Weniger Entwurf, mehr Abruf: Hybride Baumkonstruktion für spekulative Dekodierung

Draft Less, Retrieve More: Hybrid Tree Construction for Speculative Decoding

May 19, 2026
Autoren: Yuhao Shen, Tianyu Liu, Xinyi Hu, Quan Kong, Baolin Zhang, Jun Dai, Jun Zhang, Shuang Ge, Lei Chen, Yue Li, Mingcheng Wan, Cong Wang
cs.AI

Zusammenfassung

Spekulatives Dekodieren (SD) beschleunigt die Inferenz großer Sprachmodelle durch ein Entwurf-und-Prüf-Paradigma. Um die Akzeptanzrate zu maximieren, konstruieren neuere Methoden umfangreiche Entwurfsbäume, die jedoch leider erheblichen VRAM-Bandbreiten- und Rechenaufwand verursachen und so die End-to-End-Beschleunigung limitieren. Während ein dynamisches Tiefen-Pruning diese Latenz verringern kann, indem es marginale Verzweigungen entfernt, verwirft es auch potenziell gültige Kandidaten und verhindert so, dass die Akzeptanzrate die Obergrenze dichter Bäume erreicht. In dieser Arbeit identifizieren wir eine kritische Möglichkeit der Ressourcenzuweisung: Der Übergang vom dichten zum beschnittenen Entwurf gibt erhebliches Rechenbudget frei. Um diesen Pareto-Kompromiss zu durchbrechen, führen wir Graft ein, ein Kompensationsrahmenwerk, das Pruning und Retrieval als sich gegenseitig verstärkende Operationen koppelt. Pruning stellt ausreichend Budget für das Retrieval bereit, während das Retrieval den durch Pruning verursachten Coverage-Verlust ausgleicht und die akzeptierte Länge wiederherstellt.

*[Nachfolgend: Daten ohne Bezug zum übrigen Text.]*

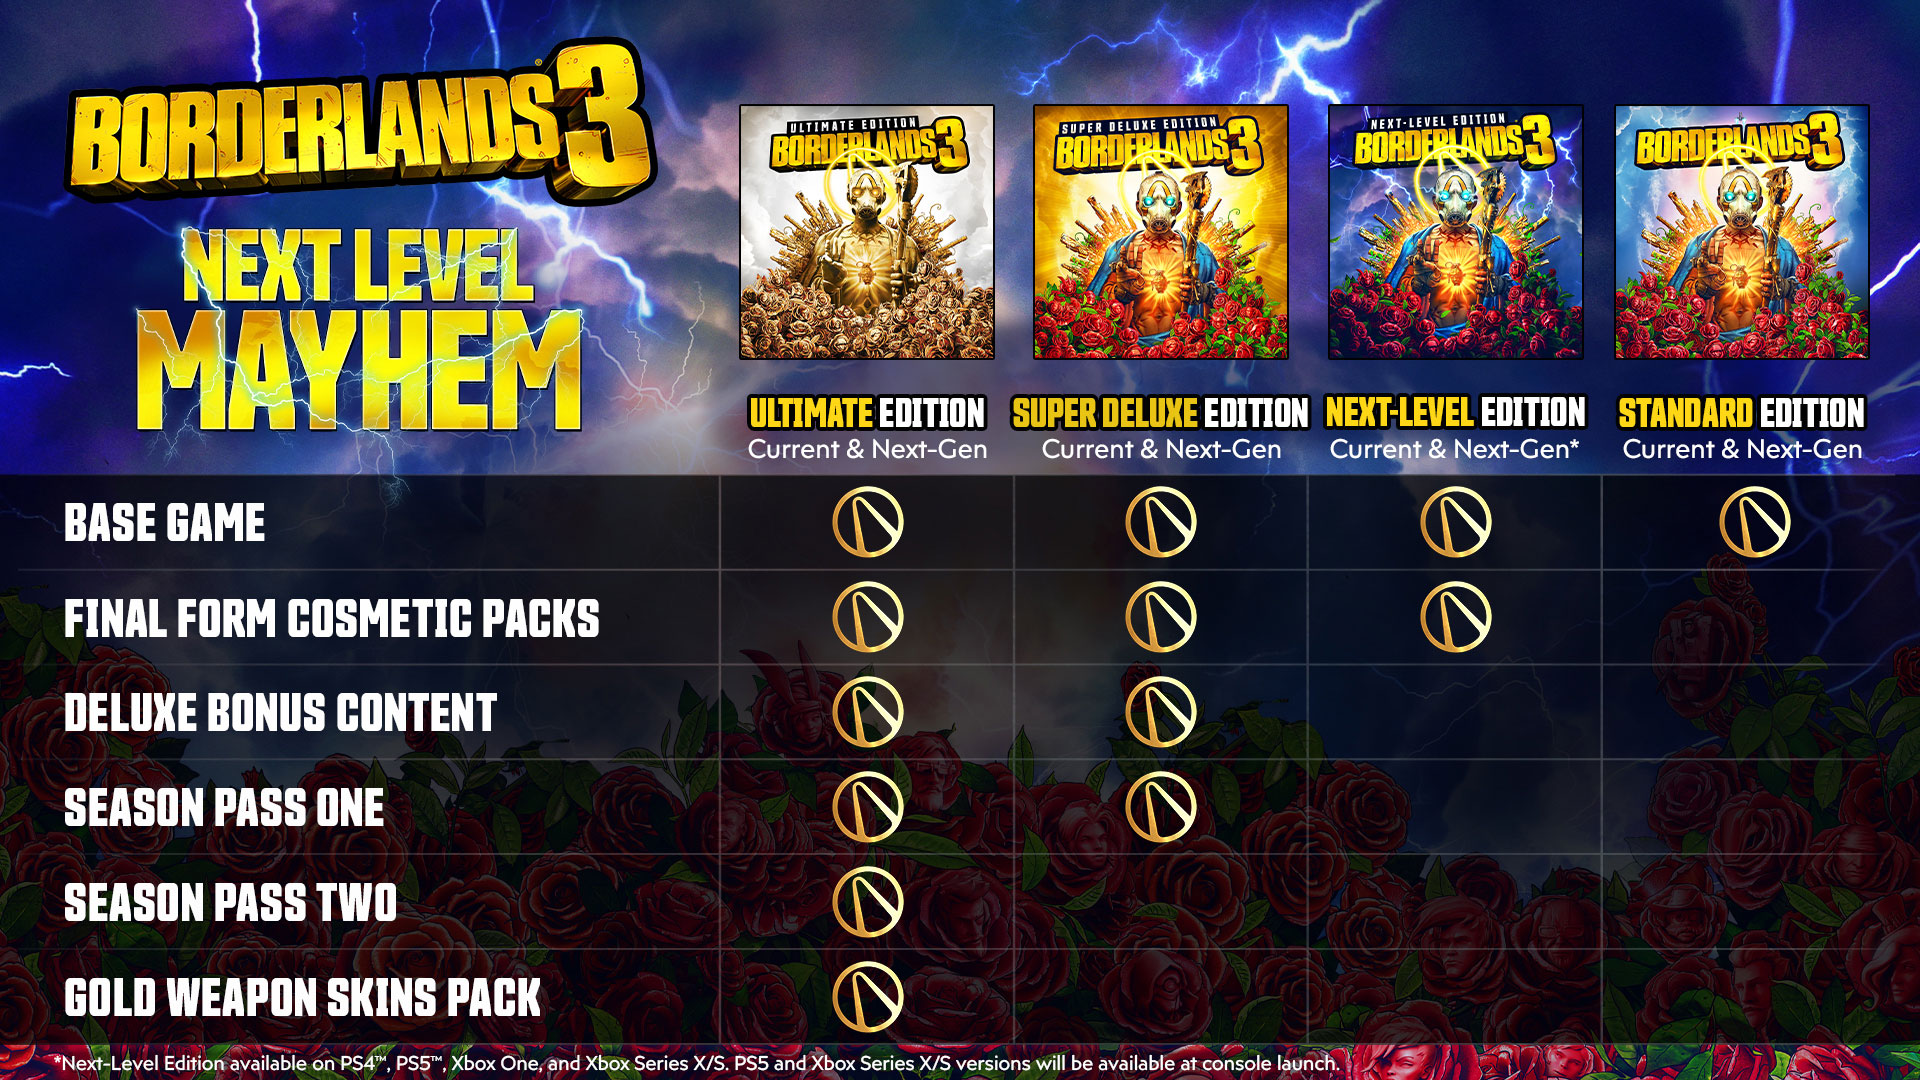 Out Now Borderlands 3 Next Gen Upgrade Ultimate Edition Season Pass 2 And More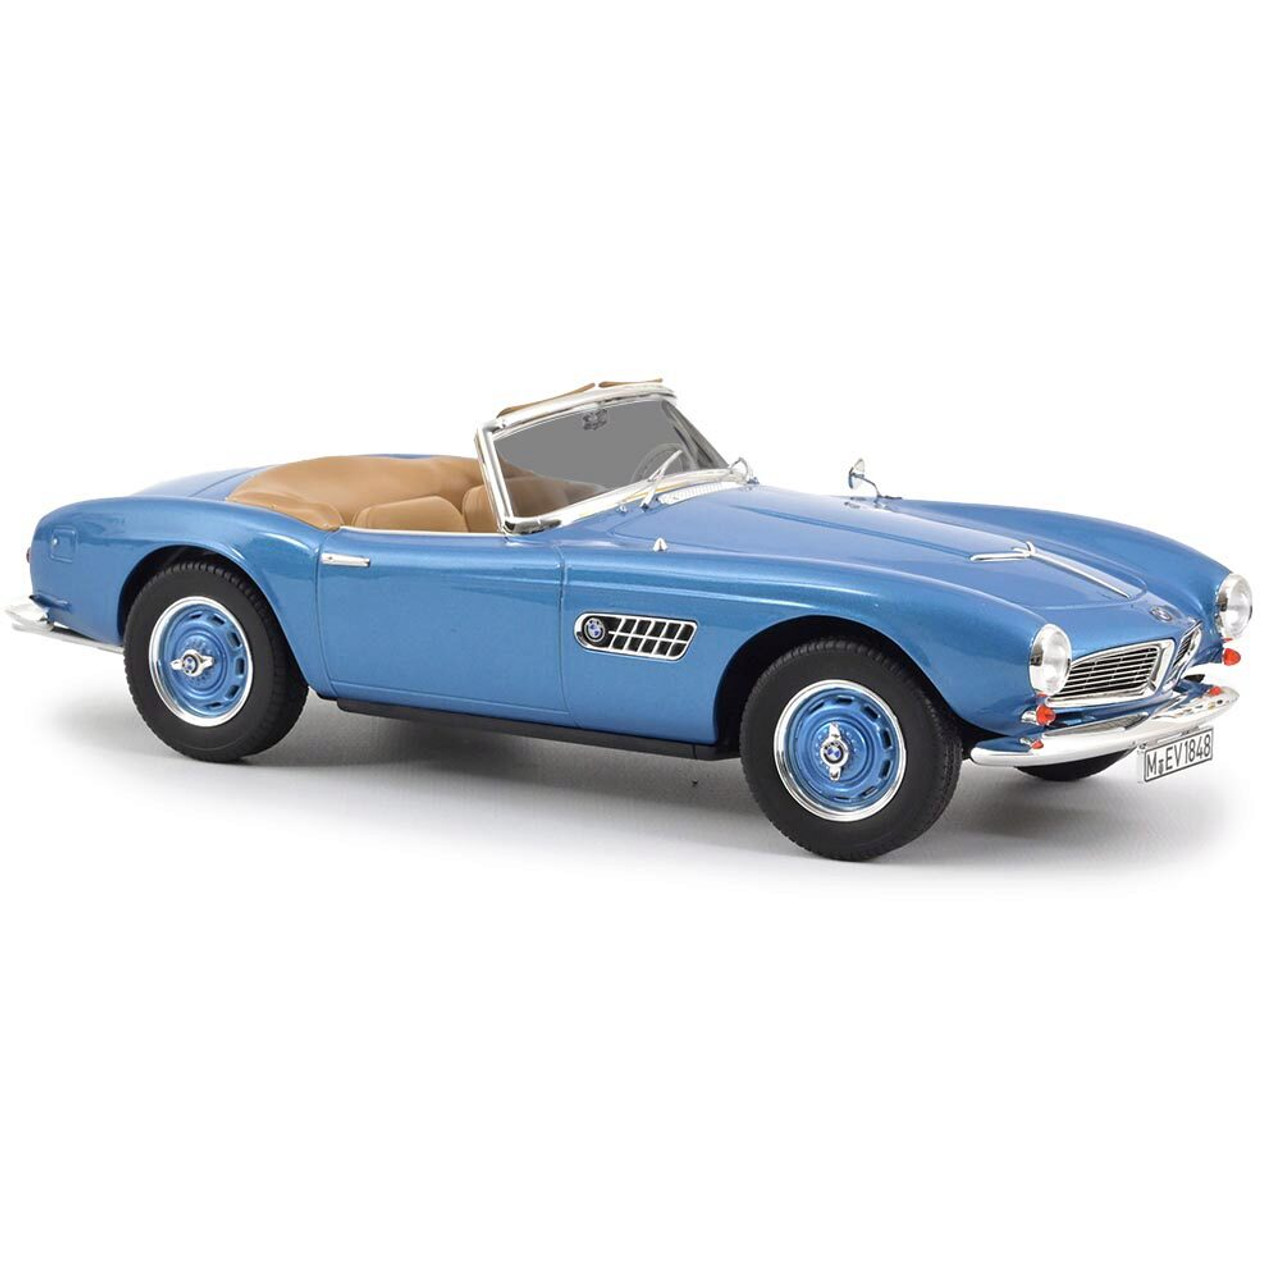 1957 BMW 507 Cabriolet - Blue 1:18 Scale Diecast Model Car by Norev

Durch einen sequenziellen `Prune-then-Graft`-Mechanismus fügt Graft hochprädiktive, abgerufene Token an die durch Pruning geöffneten Positionen ein und füllt so die topologischen Lücken mit nahezu null Overhead. Graft ist vollständig trainingsfrei und verlustfrei. Umfassende Evaluierungen zeigen, dass Graft in praktischen Bereitstellungsszenarien, einschließlich Kurzkontext-Generierung, Langkontext-Generierung und großskaligen Modellen, eine neue Pareto-Grenze etabliert. Bei Kurzkontext-Benchmarks erreicht es eine bis zu 5,41-fache Beschleunigung und verbessert die durchschnittliche Beschleunigung gegenüber EAGLE-3 um bis zu 21,8% beim großskaligen Qwen3-235B. Wir stellen auch eine vorläufige Untersuchung zur Anwendung von Graft auf das DFlash-artige Block-Entwurfs-Paradigma vor, die erste Belege und Einsichten für die Erweiterung des Pfropfens über autoregressive Entwurfsbäume hinaus liefert.
English
Speculative decoding (SD) accelerates large language model inference by leveraging a draft-then-verify paradigm. To maximize the acceptance rate, recent methods construct expansive draft trees, which unfortunately incur severe VRAM bandwidth and computational overheads that bottleneck end-to-end speedups. While dynamic-depth pruning can reduce this latency by removing marginal branches, it also discards potentially valid candidates, preventing the acceptance rate from reaching the upper bound of dense trees. In this paper, we identify a critical opportunity in resource allocation: the transition from dense to pruned drafting frees up significant computational budget. To break this Pareto tradeoff, we introduce Graft, a compensation framework that couples pruning and retrieval as mutually reinforcing operations. Pruning supplies sufficient budget for retrieval, while retrieval compensates for pruning-induced coverage loss and recovers accepted length. By employing a sequential `prune-then-graft' mechanism, Graft attaches highly predictive retrieved tokens into positions opened by pruning, filling the topological gaps with near-zero overhead. Graft is entirely training-free and lossless. Comprehensive evaluations show that Graft establishes a new Pareto frontier across practical deployment settings, including short-context generation, long-context generation, and large-scale models. On short-context benchmarks, it achieves up to 5.41times speedup and improves average speedup over EAGLE-3 by up to 21.8% on the large-scale Qwen3-235B. We also provide a preliminary exploration of applying Graft to the DFlash-style block drafting paradigm, offering initial evidence and insights for extending grafting beyond autoregressive draft trees.